In a huge blow to radical environmentalists and similar obstructionists, a judge ruled that President Trump doesn’t have to publicly disclose his reasoning for shrinking national monuments.
U.S. District Judge David Nye ruled Monday that records held qualify as protected presidential communication.
A group called Advocates for the West had sued the Trump administration for 12 documents with respect to its decision to shrink two national monuments in Utah: Bears Ears and Grand-Staircase Escalante National Monuments in Utah. The contention was over the designation of Bears Ears and Grand Escalante as national monuments by outgoing President Barack Obama in December 2016 and President Bill Clinton in 1996, respectively. The former’s action was unprecedented and rightly met with controversy. As a result, this issue has divided the sportsmen community—but it shouldn’t have to.

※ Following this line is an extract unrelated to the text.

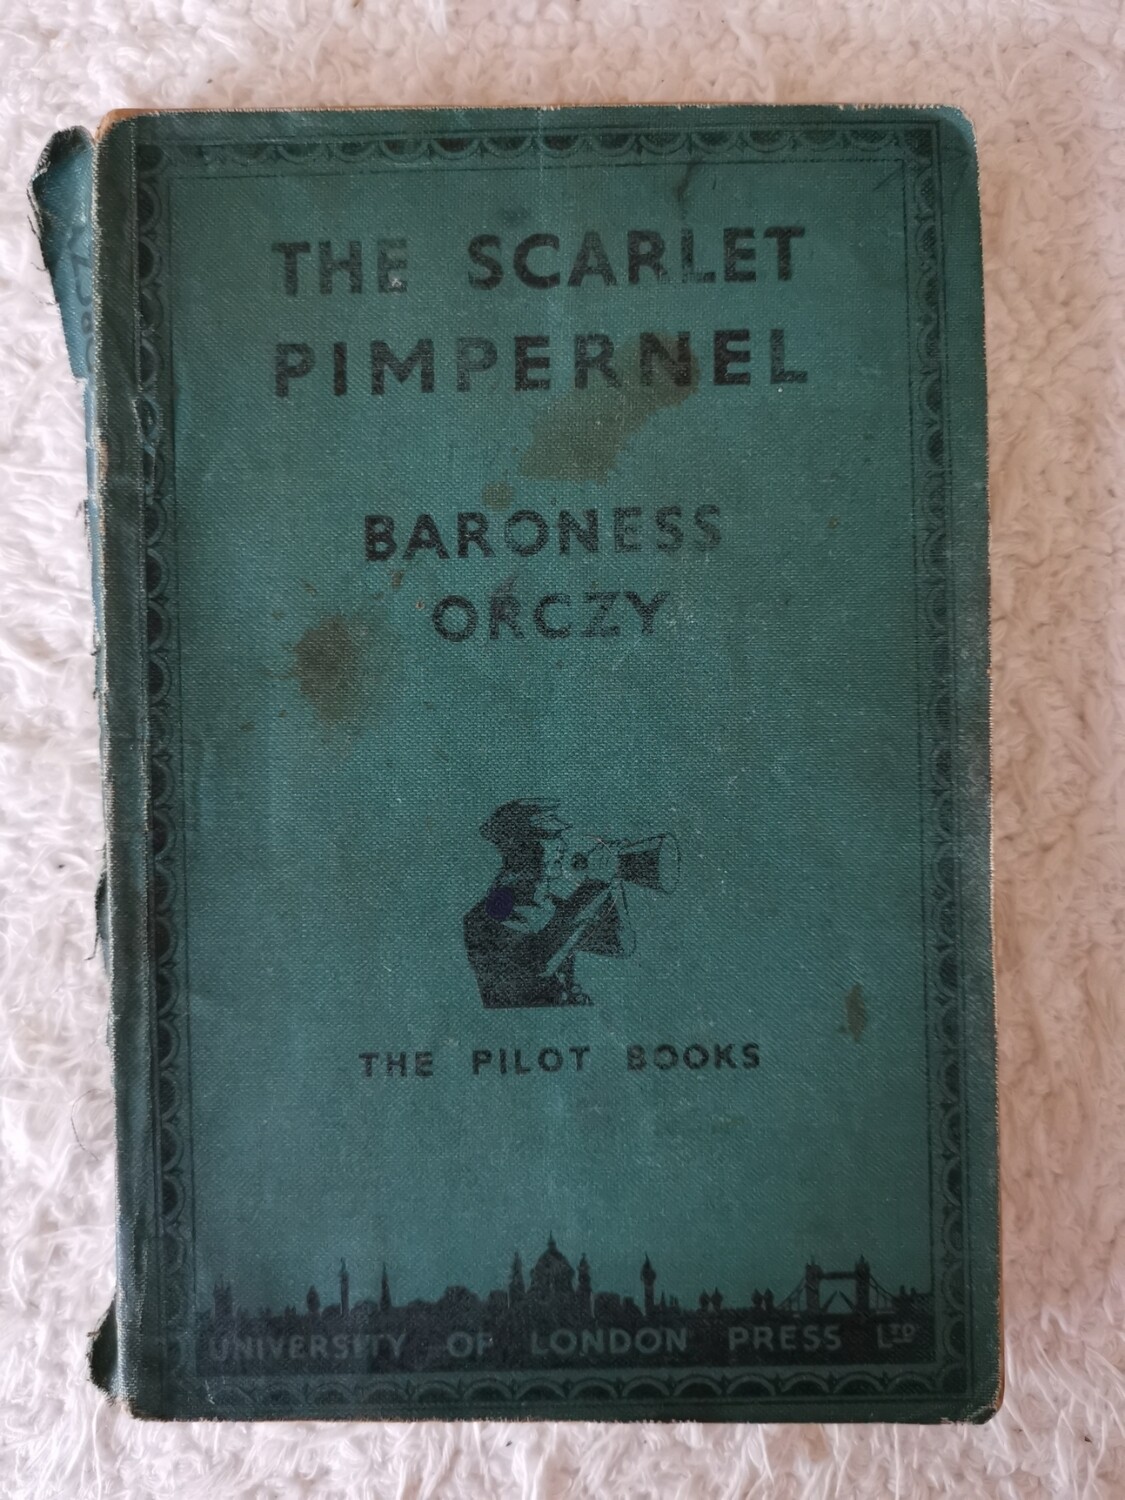 The scarlet pimpernel, Baroness Orczy

The law that governs public lands designation is the Antiquities Act of 1906—a law that has been greatly misinterpreted by those keen on promoting preservationist policies. Trump scaled back these two monuments because they signaled bad interpretation of the Antiquities Act’s (1906) provisions, specifically Section 2. It reads:
Sec. 2. That the President of the United States is hereby authorized, in his discretion, to declare by public proclamation historic landmarks, historic and prehistoric structures, and other objects of historic or scientific interest that are situated upon the lands owned or controlled by the Government of the United States to be national monuments, and may reserve as a part thereof parcels of land, the limits of which in all cases shall be confined to the smallest area compatible with proper care and management of the objects to be protected: Provided, That when such objects are situated upon a tract covered by a bona fied unperfected claim or held in private ownership, the tract, or so much thereof as may be necessary for the proper care and management of the object, may be relinquished to the Government, and the Secretary of the Interior is hereby authorized to accept the relinquishment of such tracts in behalf of the Government of the United States.

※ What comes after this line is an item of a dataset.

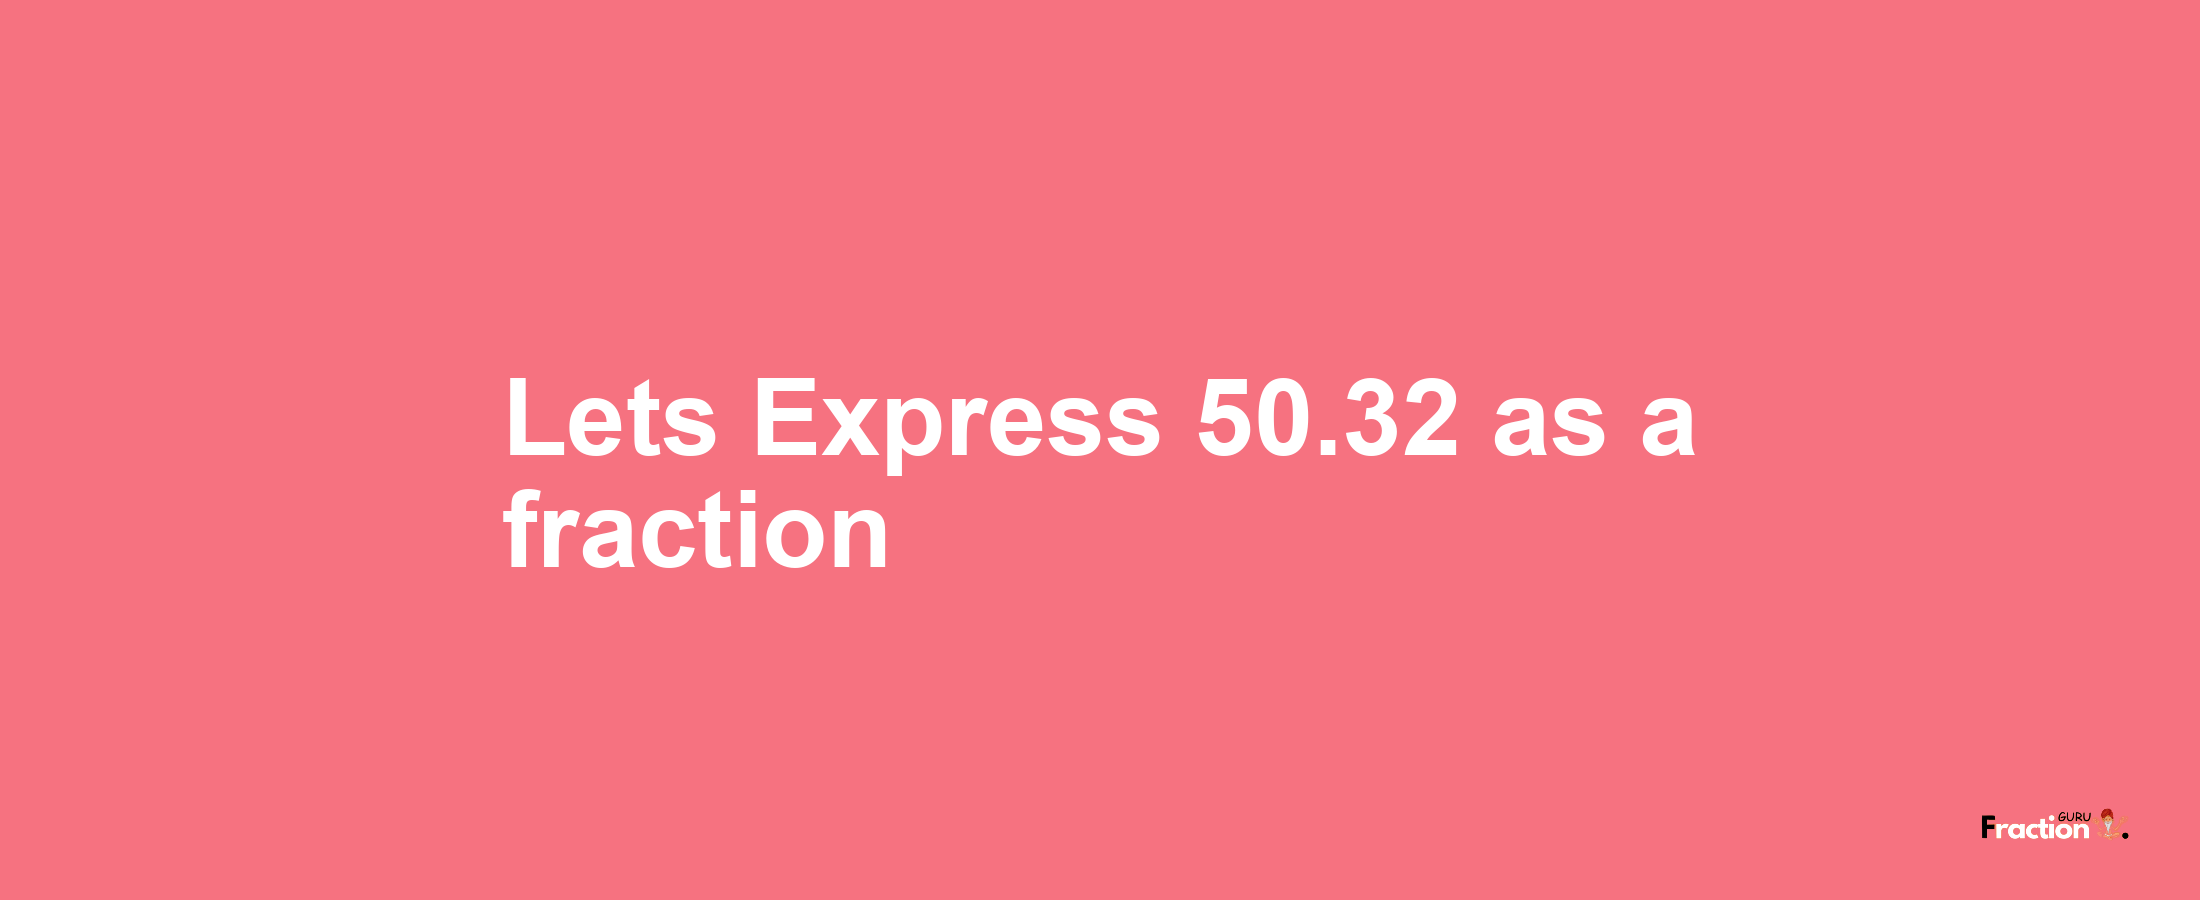 Lets Express 50.32 as afraction

This bolded section makes the motion to scale back well within presidential authority: national monuments “shall be confined to the smallest area compatible with proper care and management of the objects to be protected.” Shouldn’t this be interpreted correctly? Presidents Clinton and Obama didn’t believe so.
Bears Ears National Monument originally comprised 1,351,849 acres, but shrunk it by 85% in December 2017. Grand-Staircase Escalante originally comprised 1,880,461 acres, but was reduced by 47% . These sweeping designations of large areas, not “smallest area” per Section 2, give the president license to shrink monuments. In fact, other presidents have ordered the shrinking of national monuments in a grand fashion—including Presidents Eisenhower, Truman, Taft, Wilson, and Coolidge. Why the hysteria?
Brookings Institution argued President Trump is within his right to shrink (or designate) national monuments to his liking:
On its face, that is correct. The Antiquities Act does not engage the issue of diminishment. However, that does not mean that such power cannot be implied.
Others argue that a 1976 statute, the Federal Land Policy and Management Act, limits the president as it engages diminishment directly—noting limitations on the Secretary of the Interior to modify existing protected areas. Two challenges emerge from this argument. First is that the law is explicit in limiting the Interior Secretary’s powers and not the president’s power, even though Congress had constitutional authority to limit the president’s powers explicitly. Second, Congress, in engaging limitations broadly, listed numerous areas of law in which the executive branch would be restricted from diminishment (or abolition) and failed to include the Antiquities Act in that list.
It is true that the first part of the law grants the president the power to establish national monuments. The second part of that grant could easily be interpreted to imply the power to diminish. That section notes, “the limits of which in all cases shall be confined to the smallest area compatible with proper care and management of the objects to be protected.” Here, a president is charged to make this area as small as is needed.
There is a great distrust of federal government from those in Western states, and this unilateral land grab by outgoing President Obama in December 2016 added fuel to this already raging fire of distrust. Here’s what retiring U.S. Senator Orrin Hatch wrote about the his mishandling of the Antiquities Act then:
When Obama declared the Bears Ears National Monument, he ignored the years of work that Utah’s congressional delegation spent fighting to pass legislation to protect the region through a fair and open process.He ignored the state legislature and the governor. He ignored the stakeholders and local residents who were striving together to find a workable solution. He ignored the best interests of Utah and cast aside the will of the people — all in favor of a unilateral approach meant to satisfy the demands of far-left interest groups.
With the stroke of a pen, Obama locked away an astonishing 1.35 million acres, a geographic area larger than the total acreage of all five of Utah’s national parks combined. He did so citing his prerogative under theAntiquities Act— a century-old law intended to give presidents only limited authority to designate special landmarks. Instead of exercising restraint under the act, Obama — and indeed, many of his predecessors — wielded this law as a blunt instrument for executive overreach.